[Start of section]

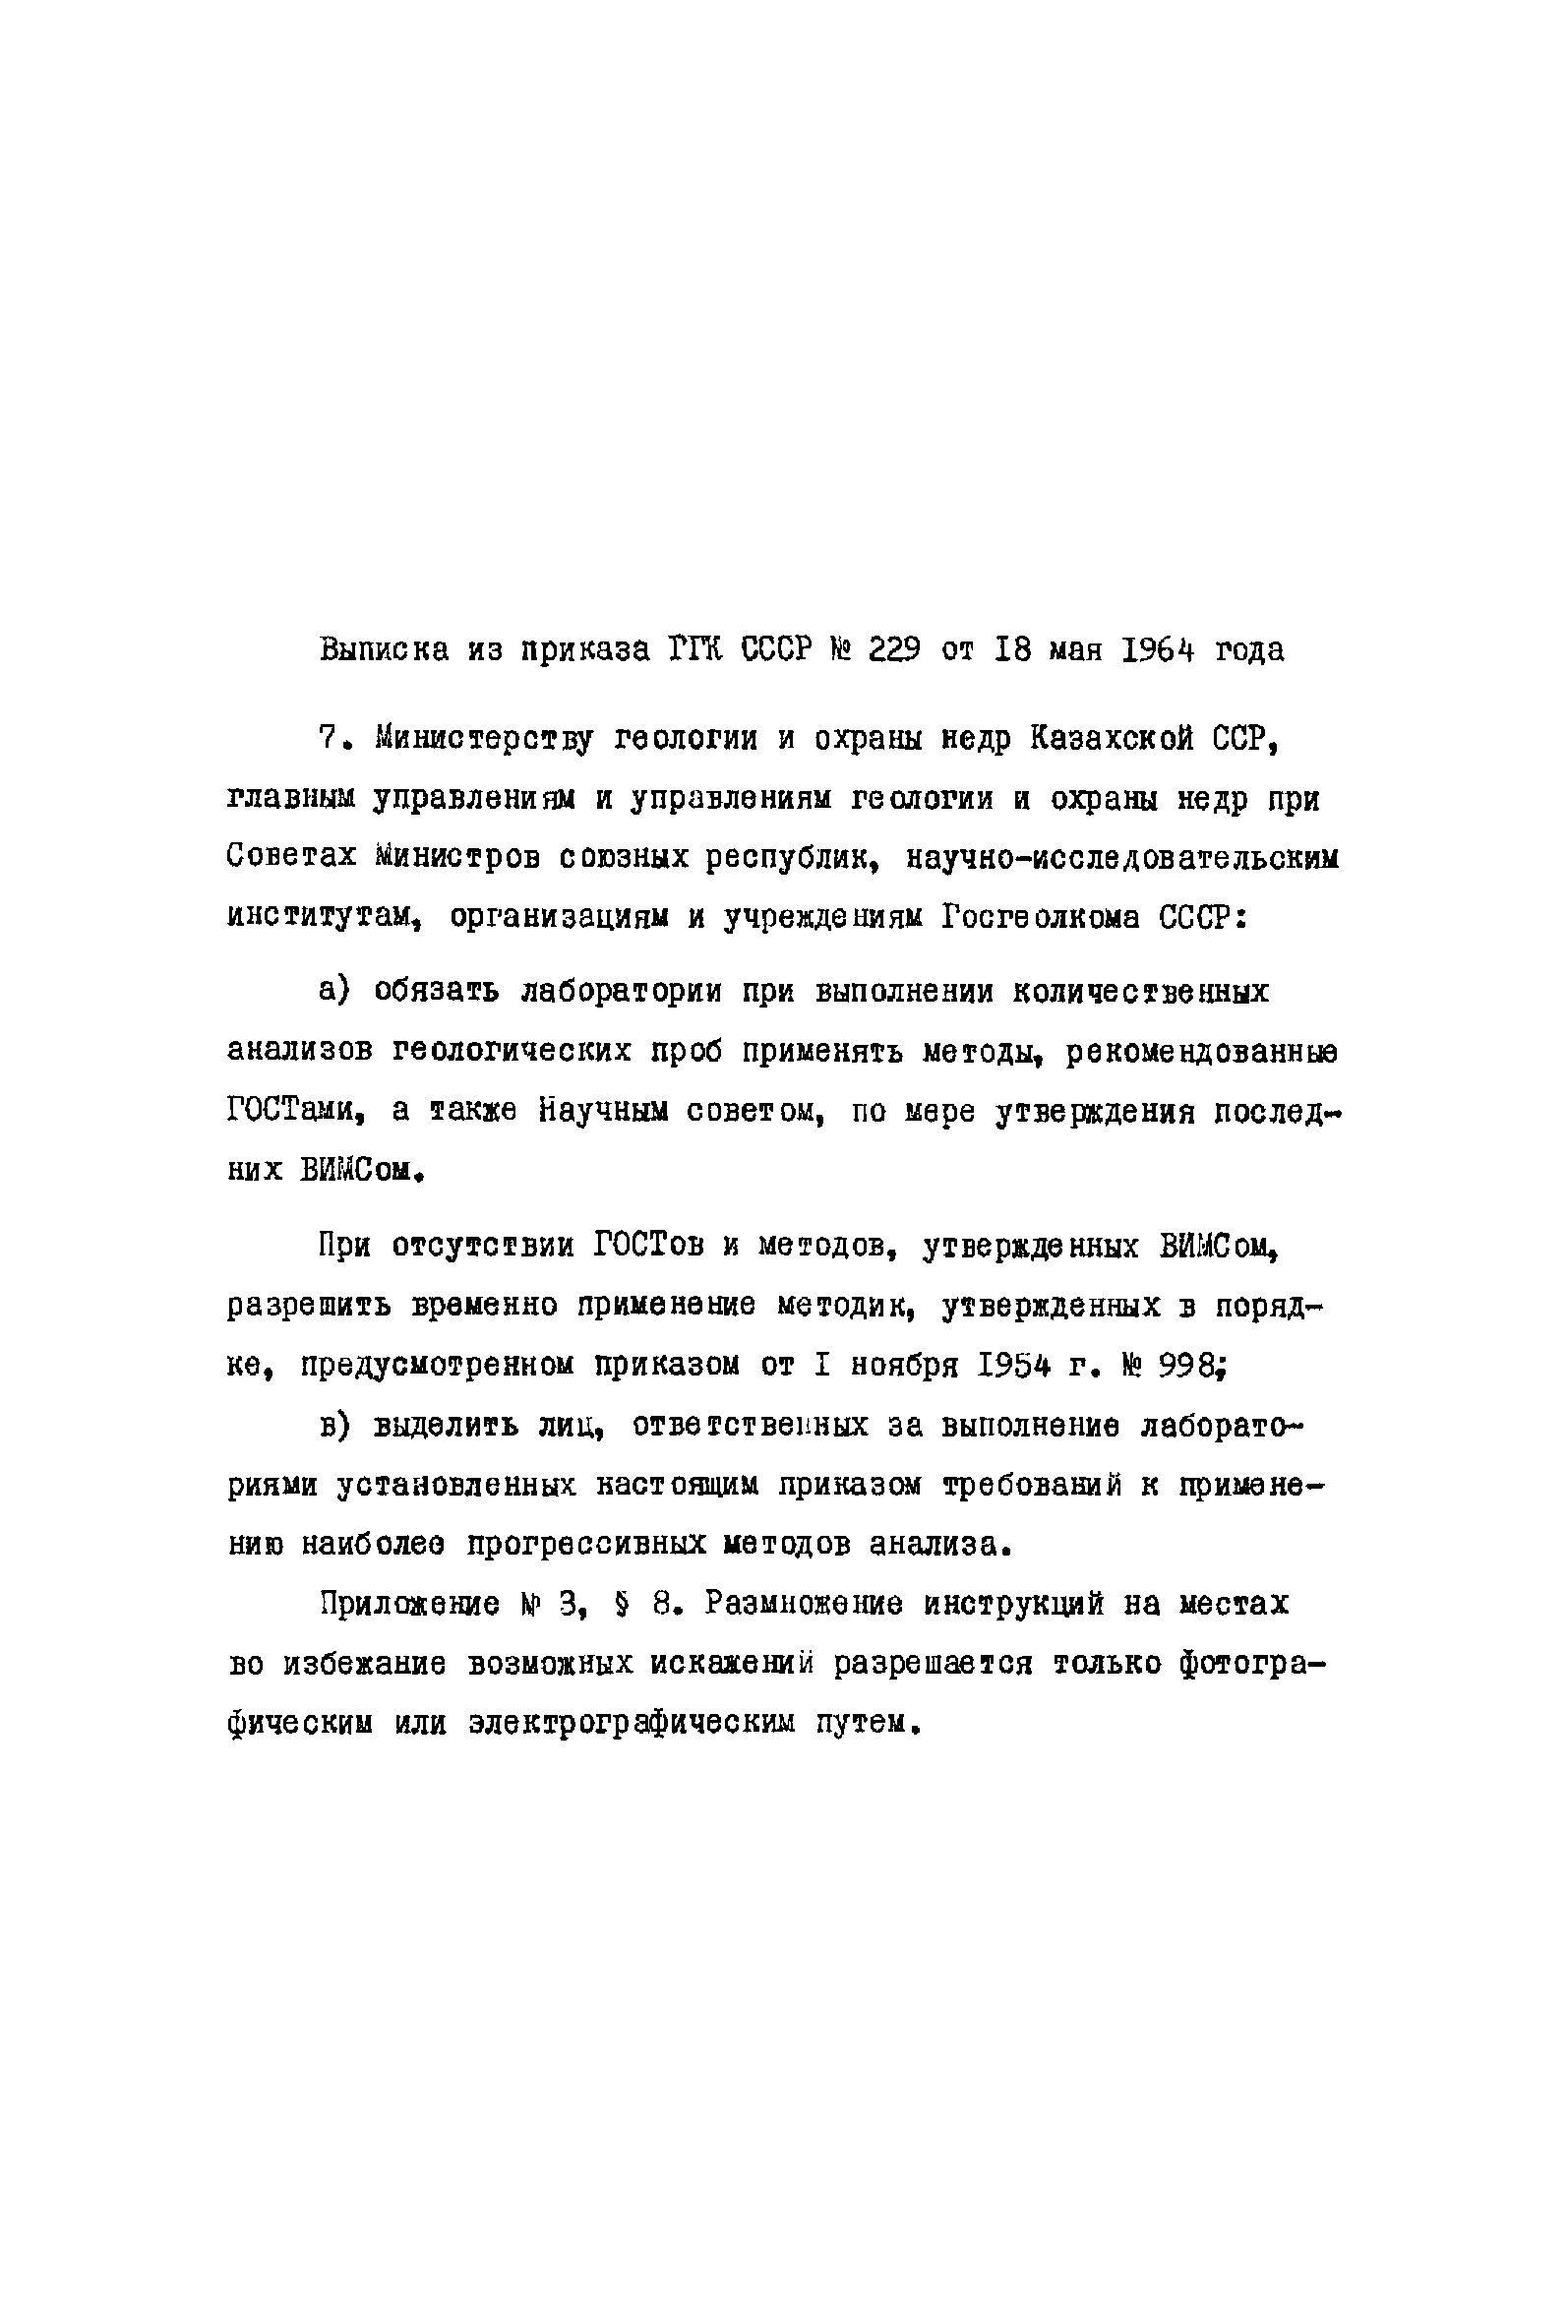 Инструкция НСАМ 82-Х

[End of section]
[Start of section]

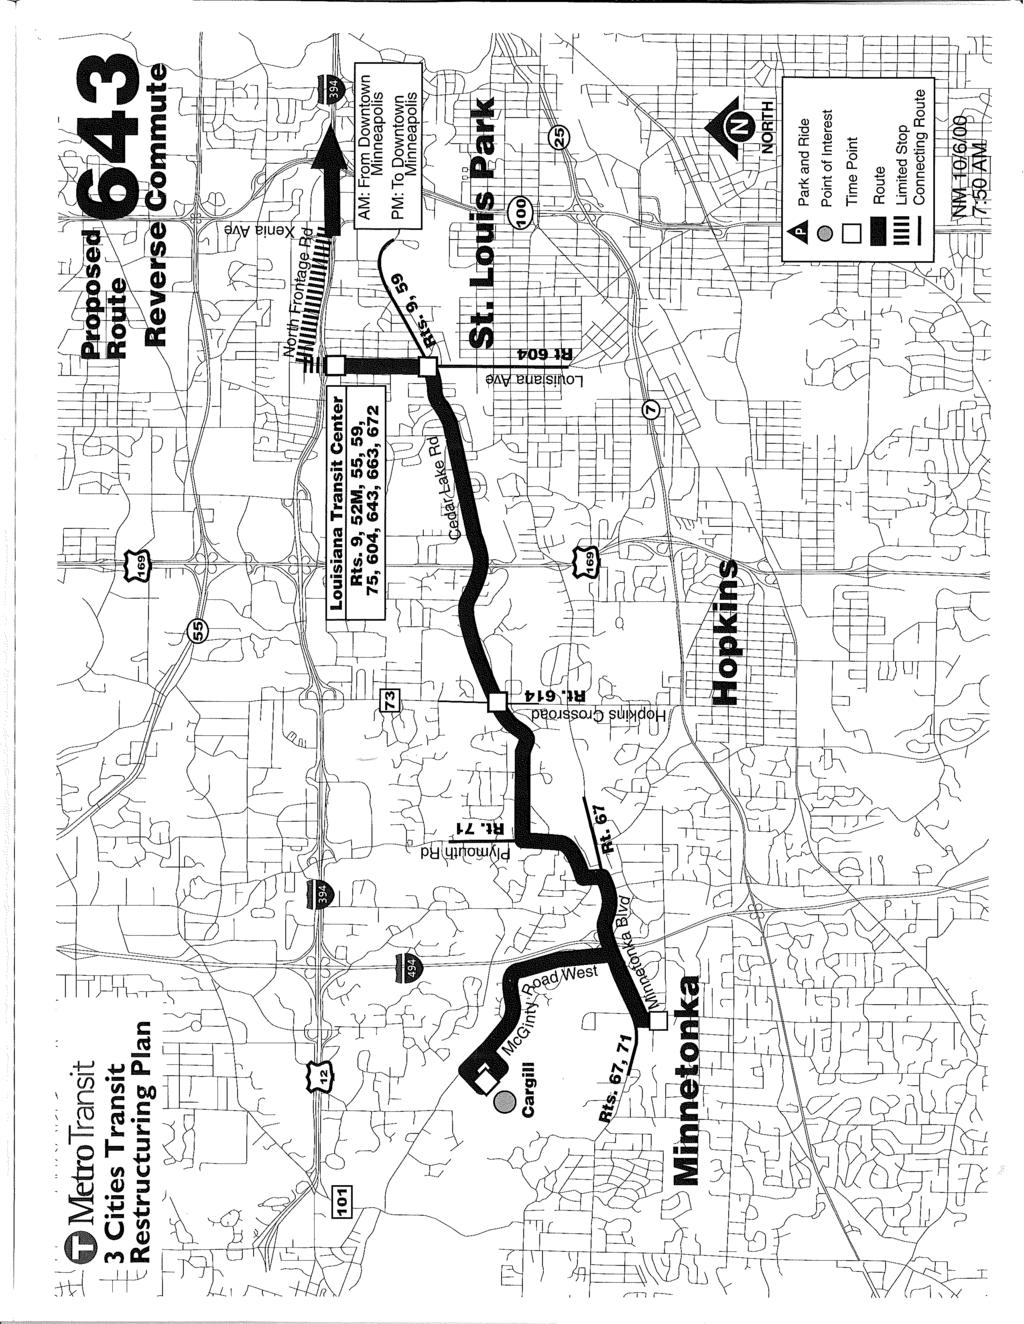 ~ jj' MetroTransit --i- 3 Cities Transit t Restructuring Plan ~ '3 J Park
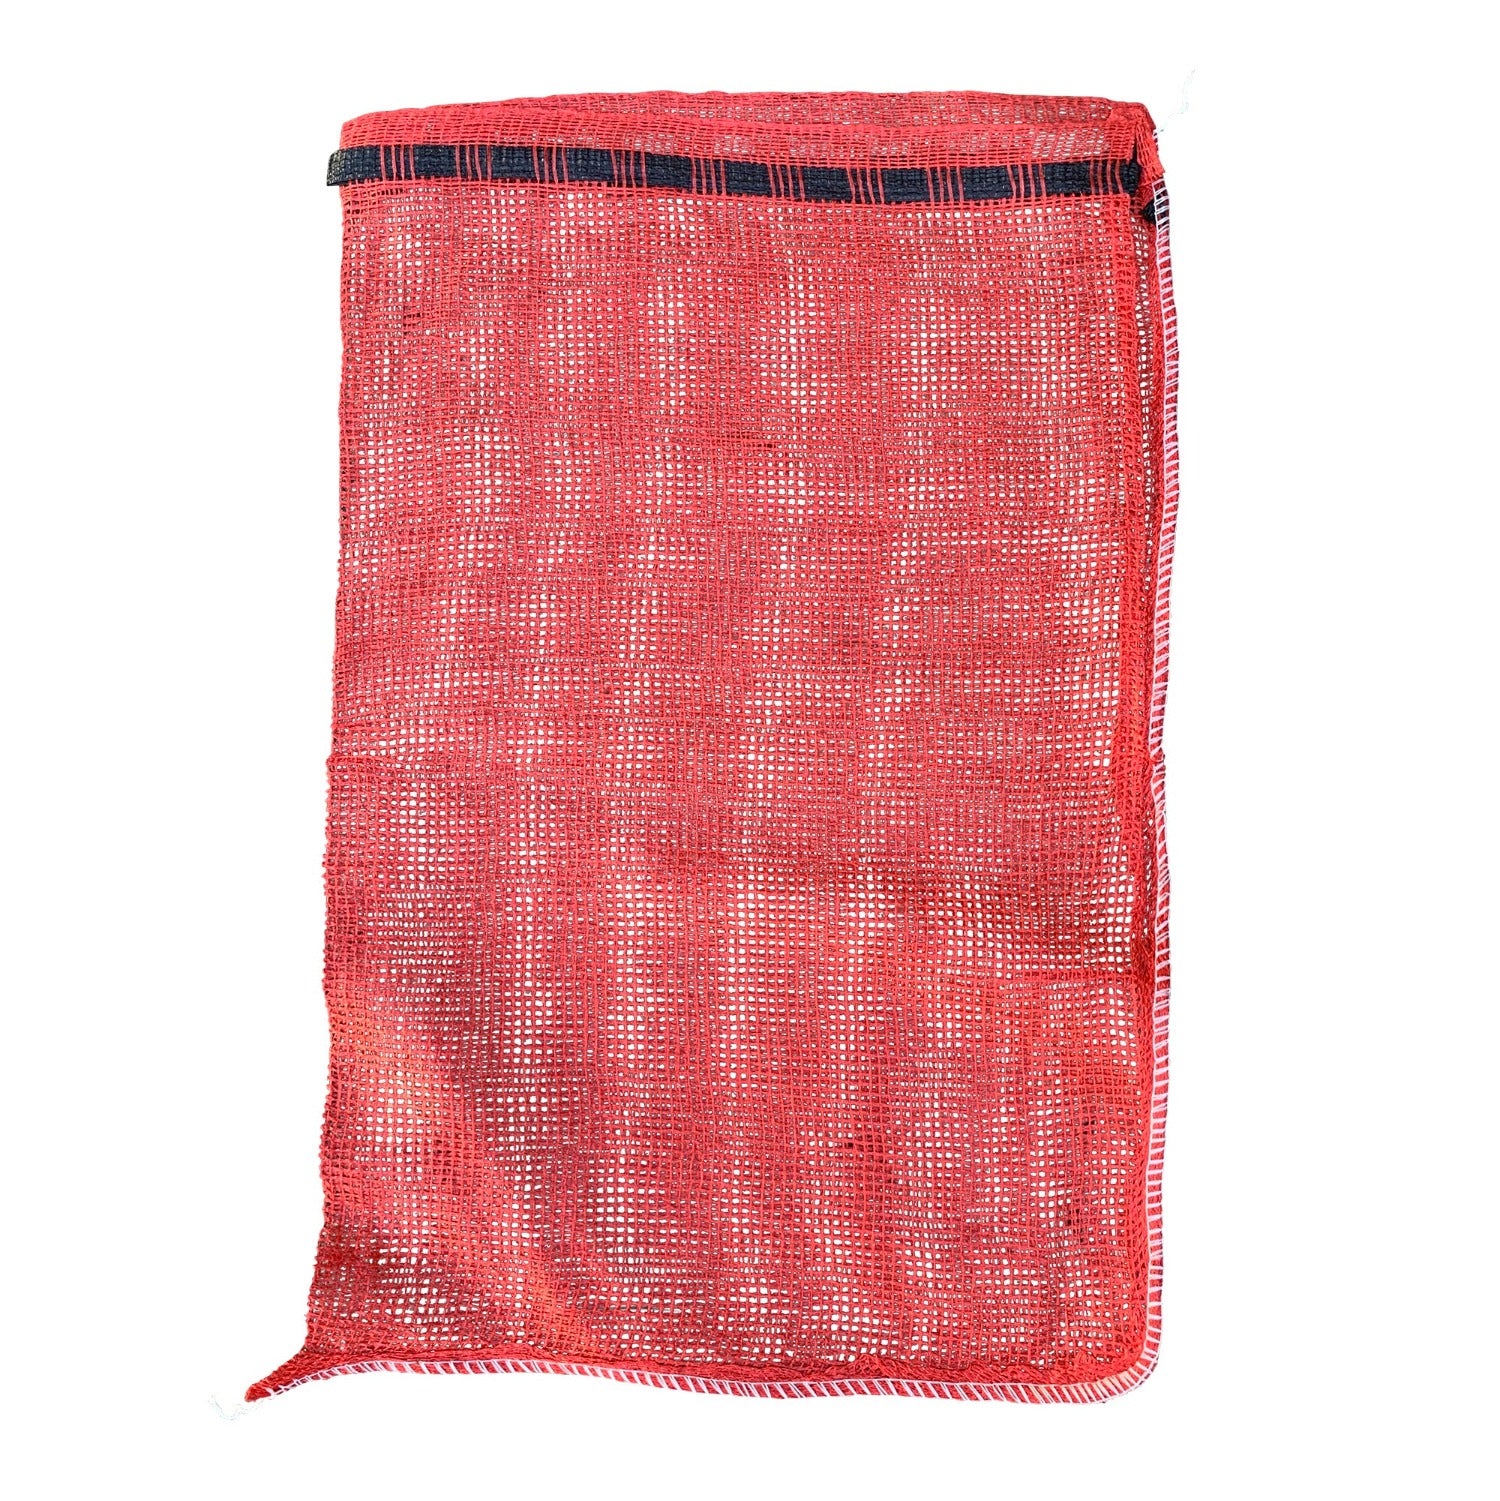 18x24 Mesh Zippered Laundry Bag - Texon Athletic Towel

[End of section]

Exercise brief
Although the records hold pictures, the copy must not; give again exactly the lines from the one with "Plan ~ '3 J Park" through the one with "18x24 Mesh Zippered".

Written reply
 ~ jj' MetroTransit --i- 3 Cities Transit t Restructuring Plan ~ '3 J Park
 18x24 Mesh Zippered Laundry Bag - Texon Athletic Towel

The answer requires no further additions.